Among those who spoke out at the informal hearing was Mary Hodell, a resident of South Heart and a founding member of Neighbors United. "We'll stand up and fight every step of the way until we hear they (the coal company) have gone back to Texas," she told the Administrative Law Judge. Hodell said the proposed coal complex will be detrimental to Theodore Roosevelt National Park, which is located scarcely a dozen miles away, and hurt the South Heart farming community for decades, if not forever.

Steve Merrill, a retired soil scientist, said the mine will destroy an alluvial plain of the Heart River's south branch and ruin a subsurface water supply, reported The Bismarck Tribune. "It's a terrible sacrifice," he told the judge.

"I don't know much about coal mining… but I do know about cows and crops," testified South Heart resident Frank Hurt, as reported in The Dickinson Press. "Sure we can install pipelines and haul water but that costs money, and although they say they will return things to the way they are now, what they really mean is if our attorney can beat their attorney and our cows don't need water for three or four years, we'll be OK."

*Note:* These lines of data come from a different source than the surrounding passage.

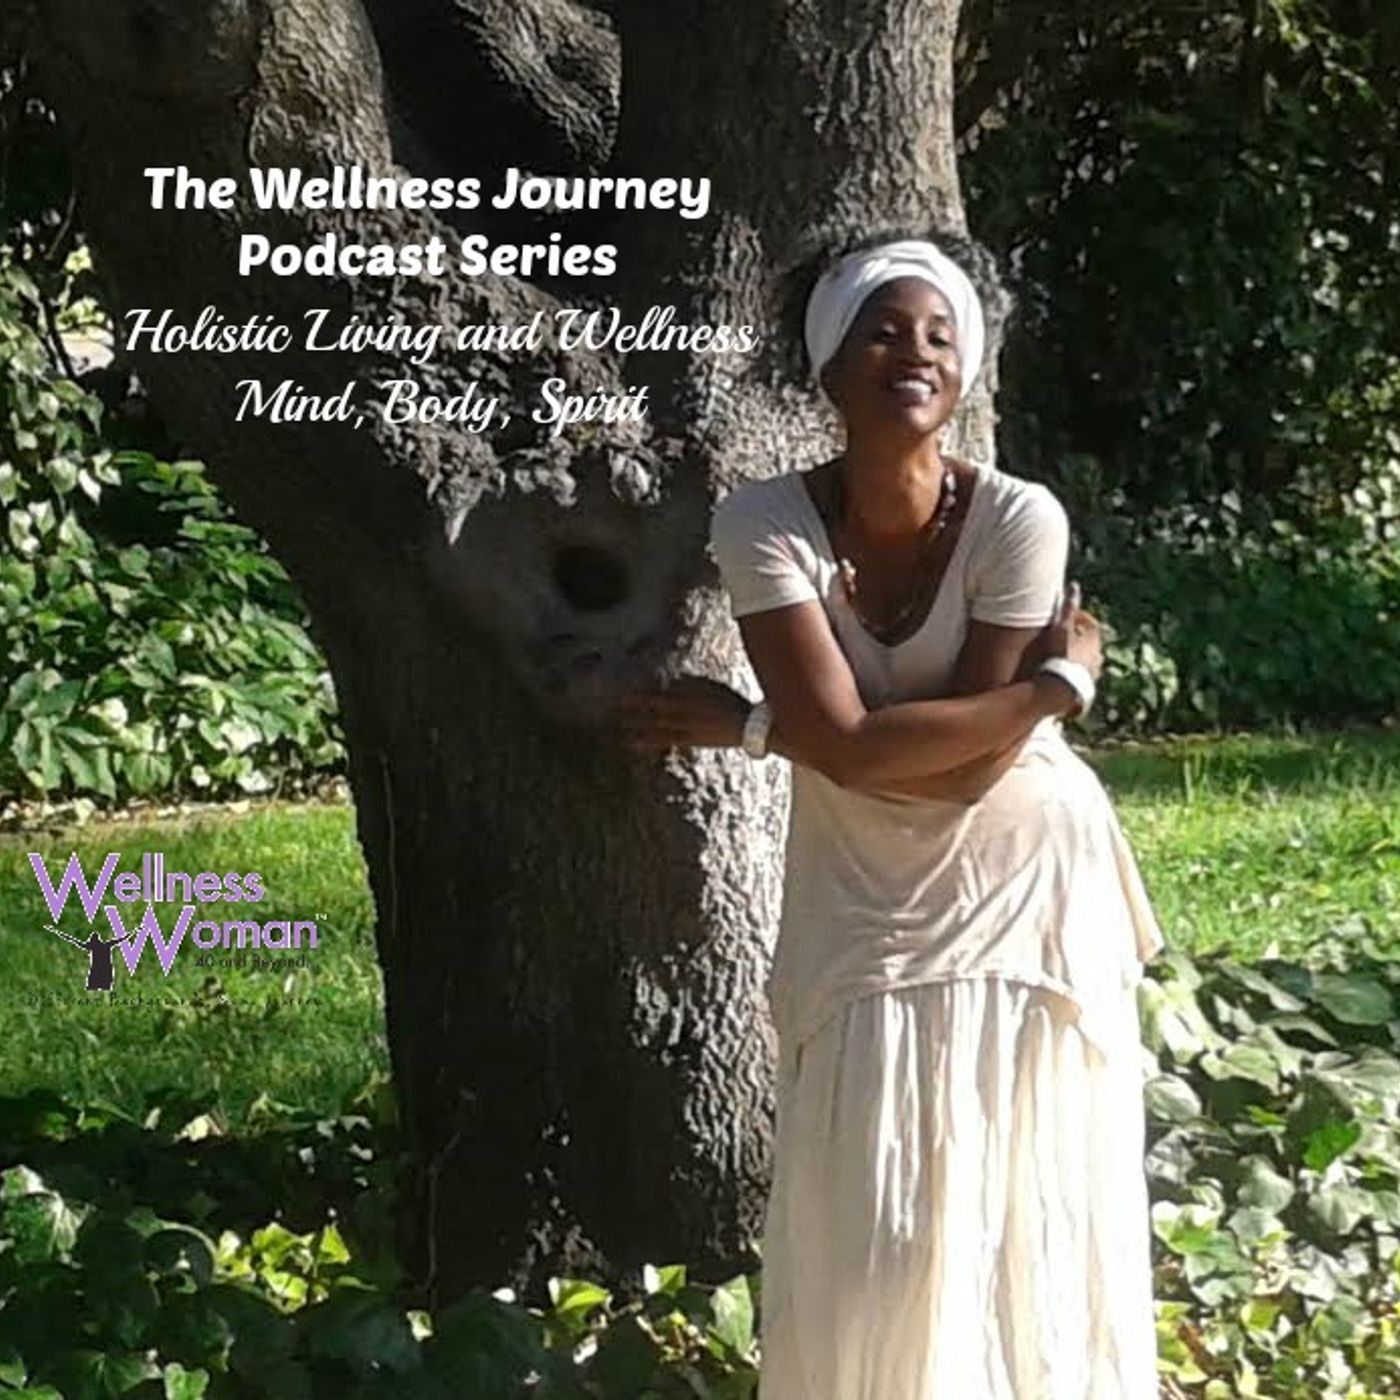 The Wellness Journey Podcast Series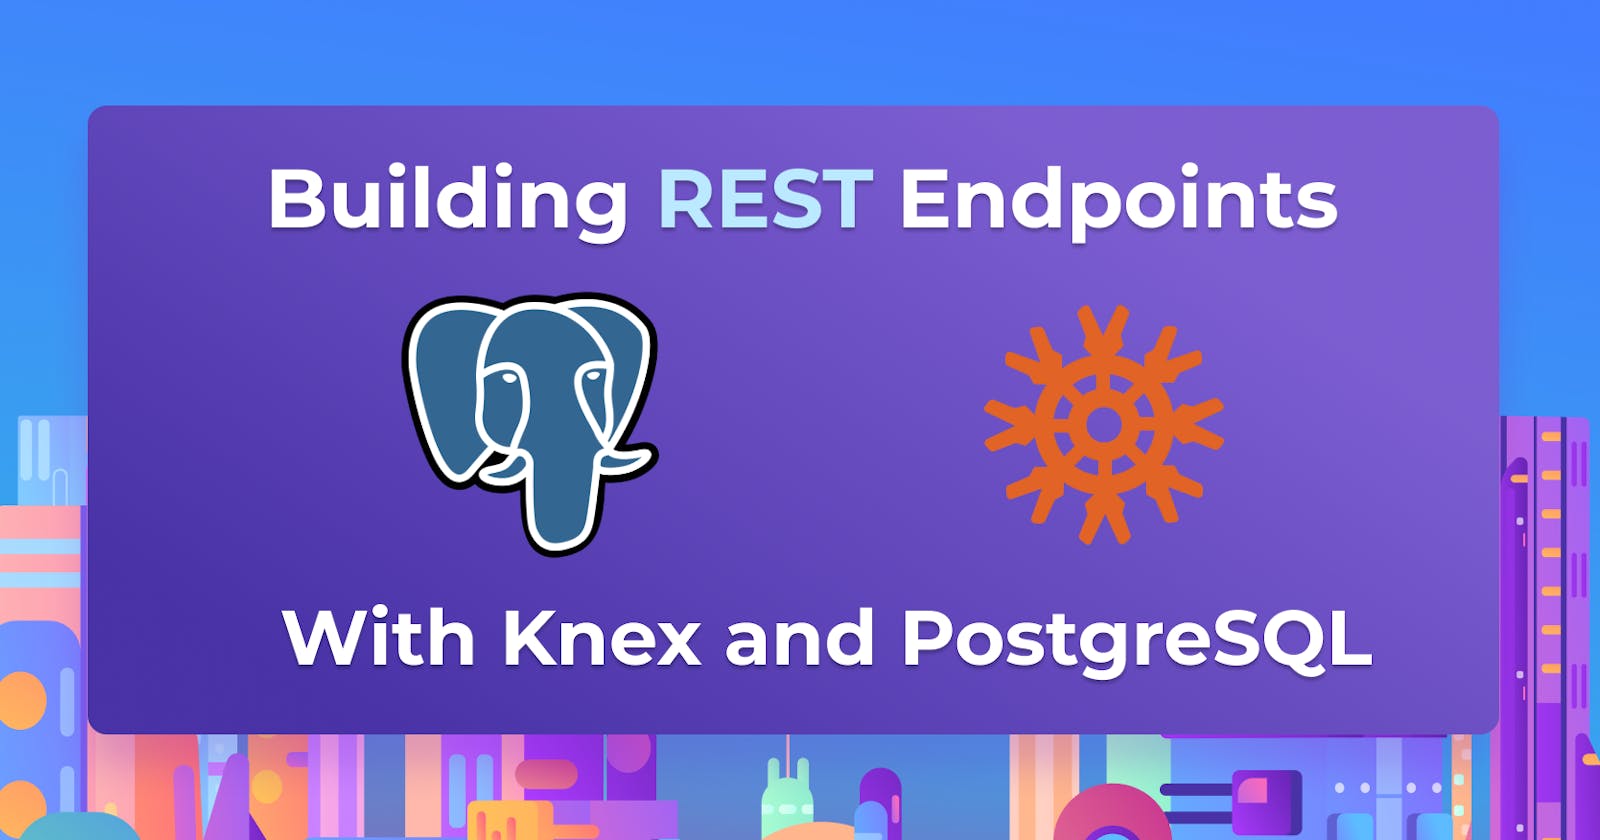 Building REST Endpoints with Knex and PostgreSQL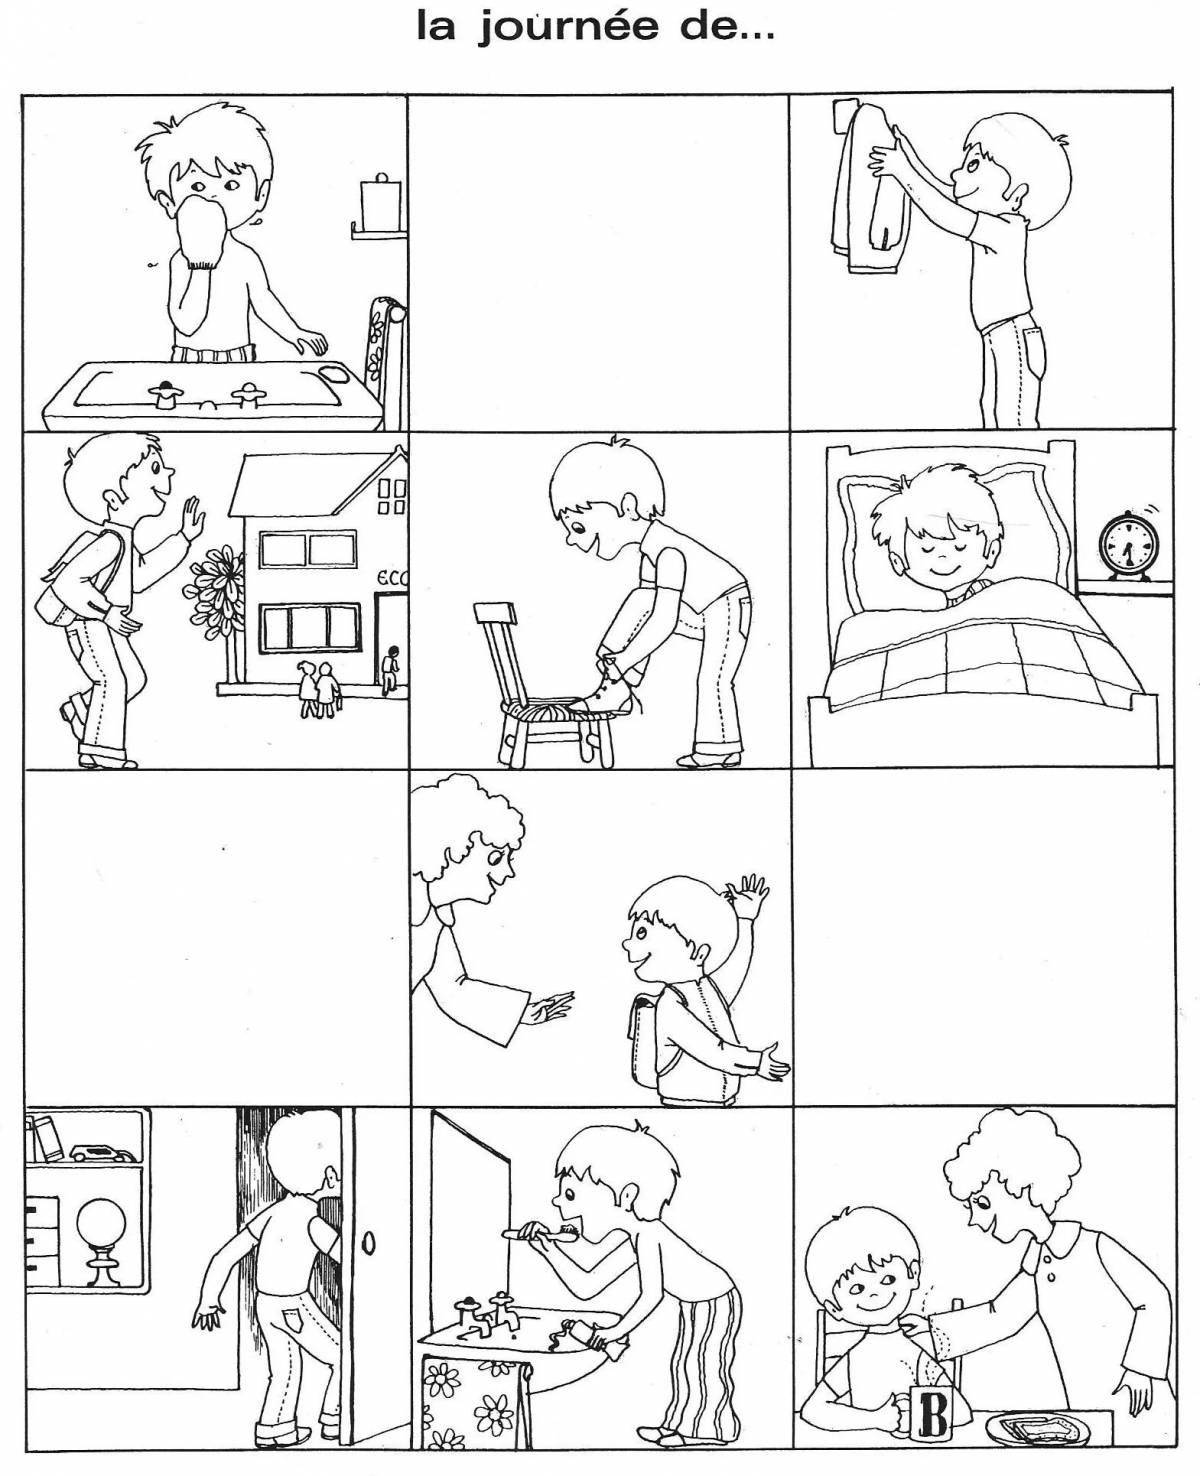 Playful elementary school routine coloring page template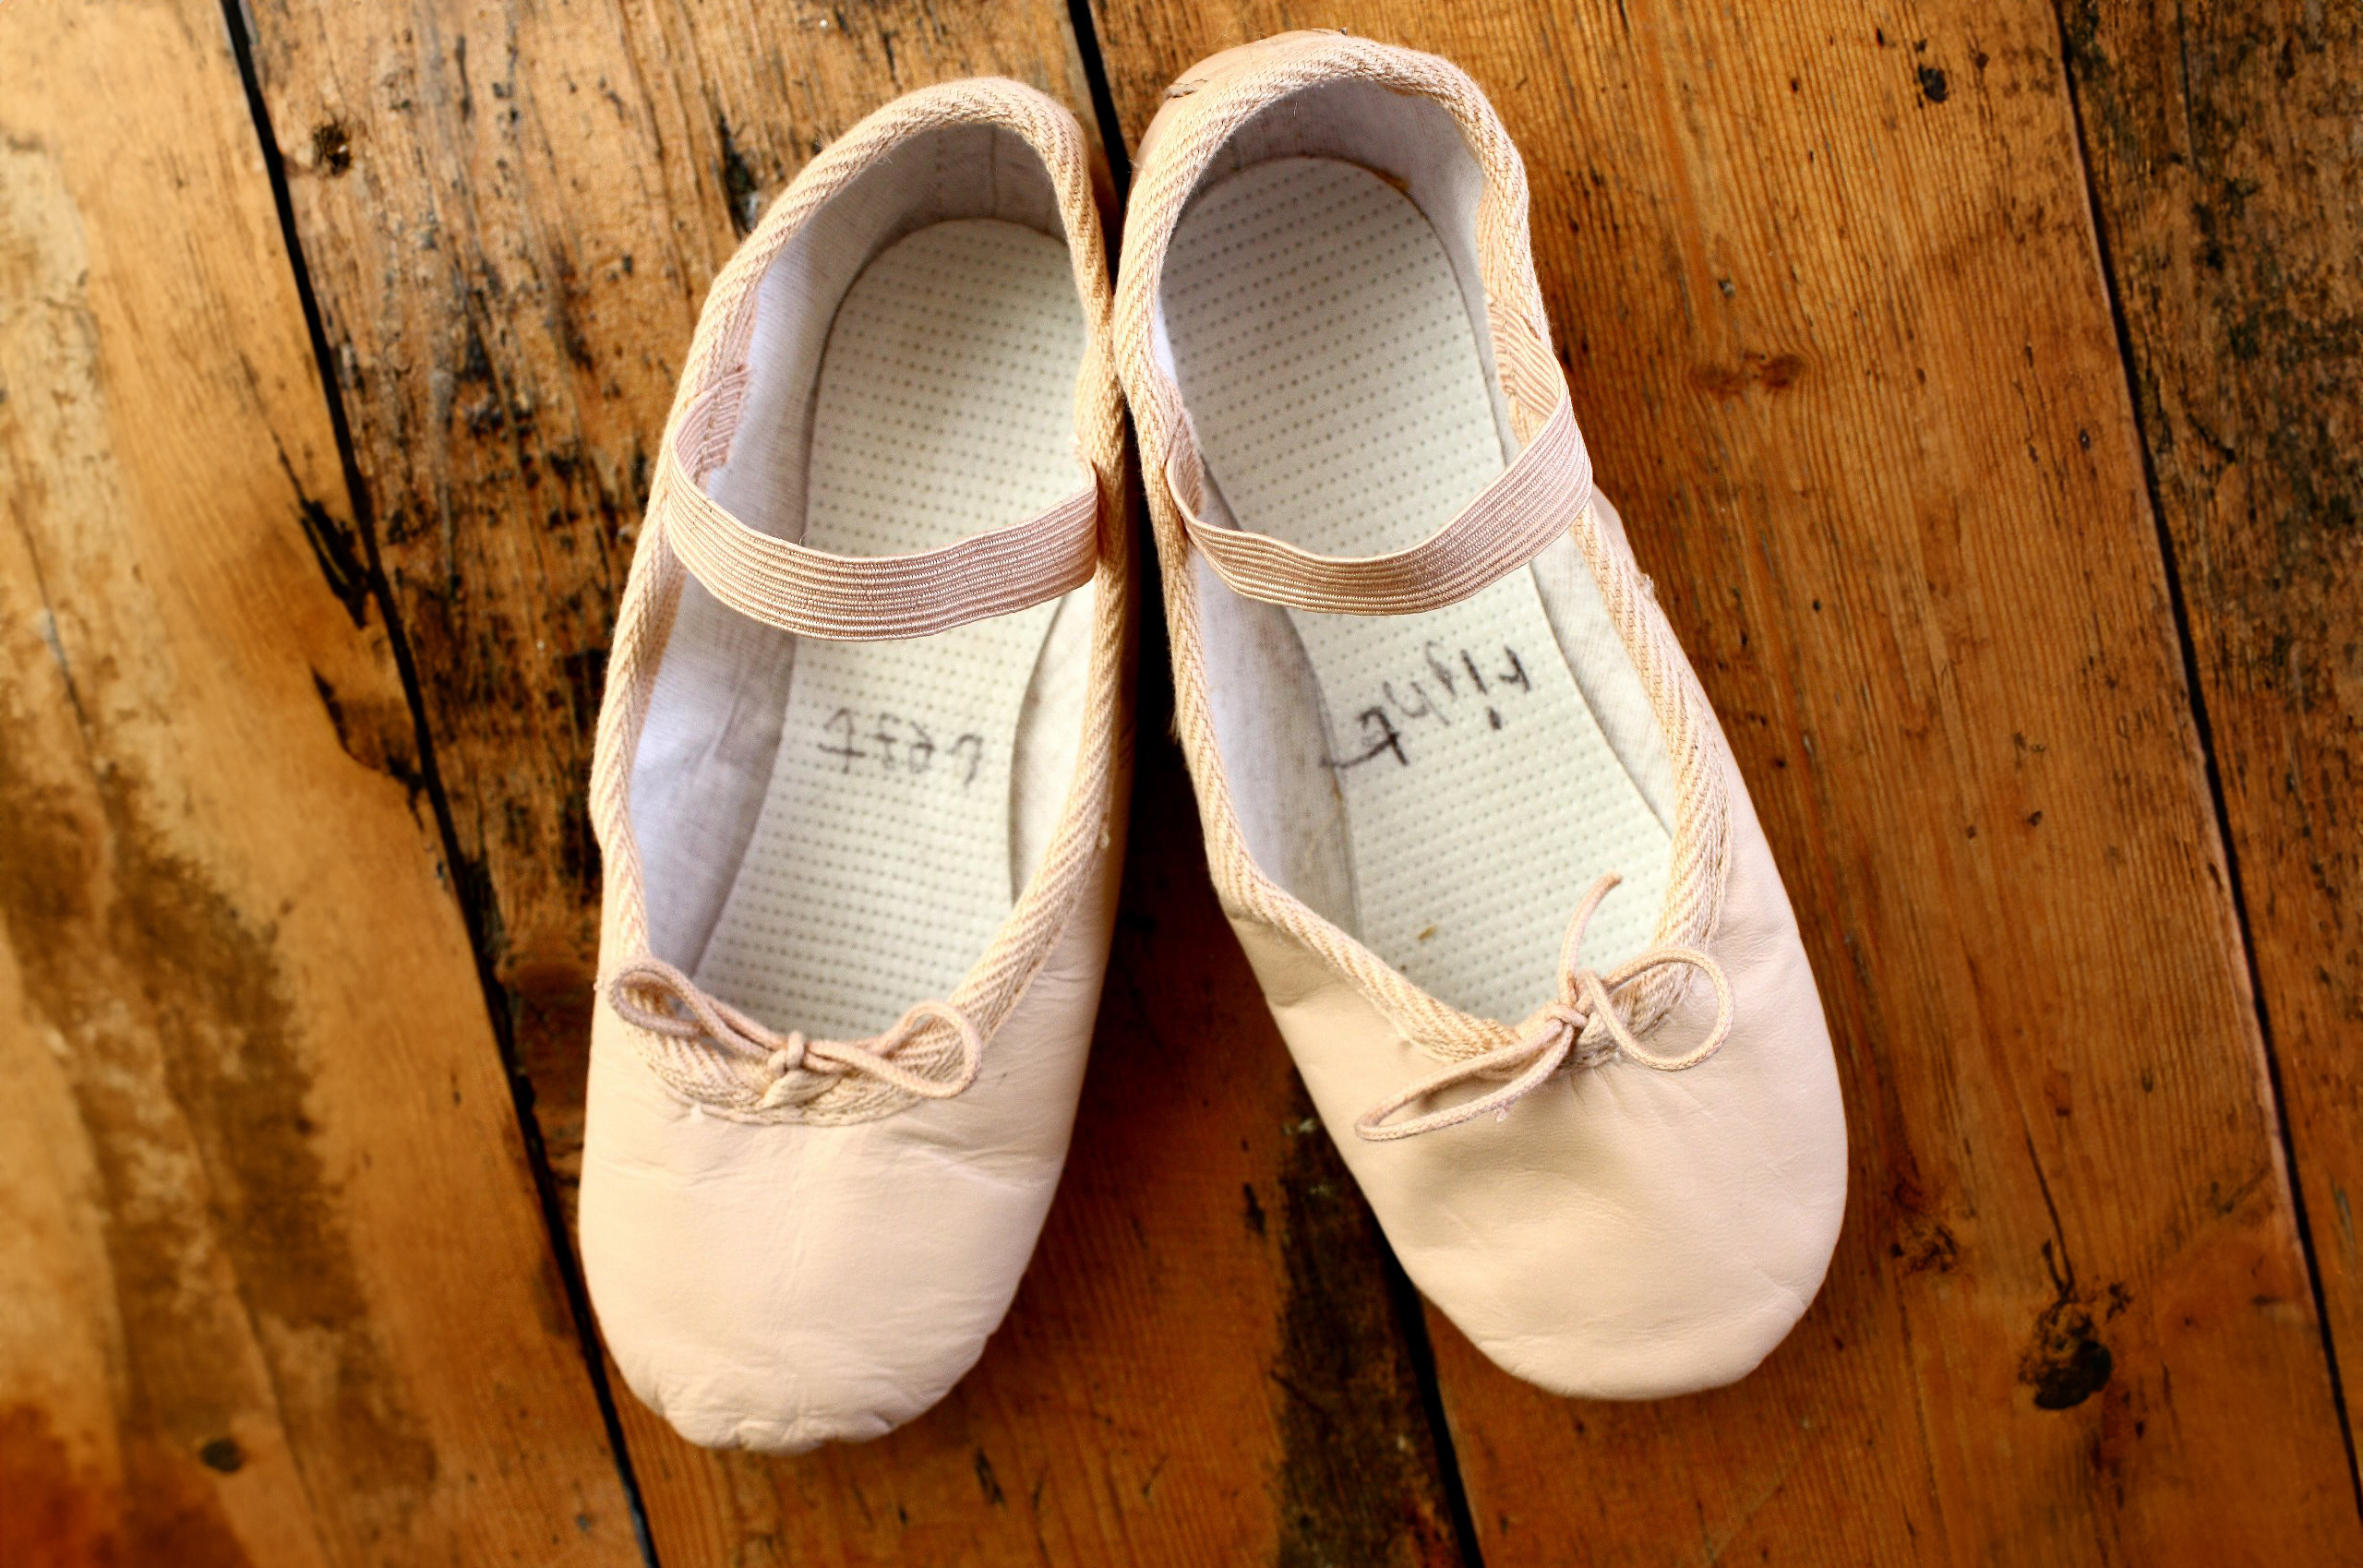 ballet shoes EDITED

Hurt told the judge that by farming and ranching, local residents can produce multiple crops for many years which supply families with food, while coal is a one-time crop that produces little. "You guys sitting up here in suits, I bet you go out for a steak once in awhile. Well, you can gnaw on steak now, but can you gnaw on coal at night and be satisfied?"

Hurt's neighbor Gordon Krance also expressed concern that South Heart Coal LLC is withholding information from local residents. "I hear a lot of talk 'we'll replace the water, we'll fix the roads, we'll reclaim the land,' but not once have I heard someone from South Heart LLC stand up and say 'I will replace your health if you get cancer,'" Krance said. "We don't deserve to suffer health complications so a big coal company can make money."

The informal hearing was presided over by an Administrative Law Judge who will make a recommendation to the North Dakota Public Service Commission. The informal hearing process is being held open, possibly until the end of the year, until the coal company can correct nearly 400 technical deficiencies contained in the surface mining permit application.

"Once the informal hearing process is closed we will ask for a formal hearing," Schafer says. "We will continue to work with Neighbors United and our South Heart Coalition partners in the months to come to keep the issue before the public and eventually stop this destructive project."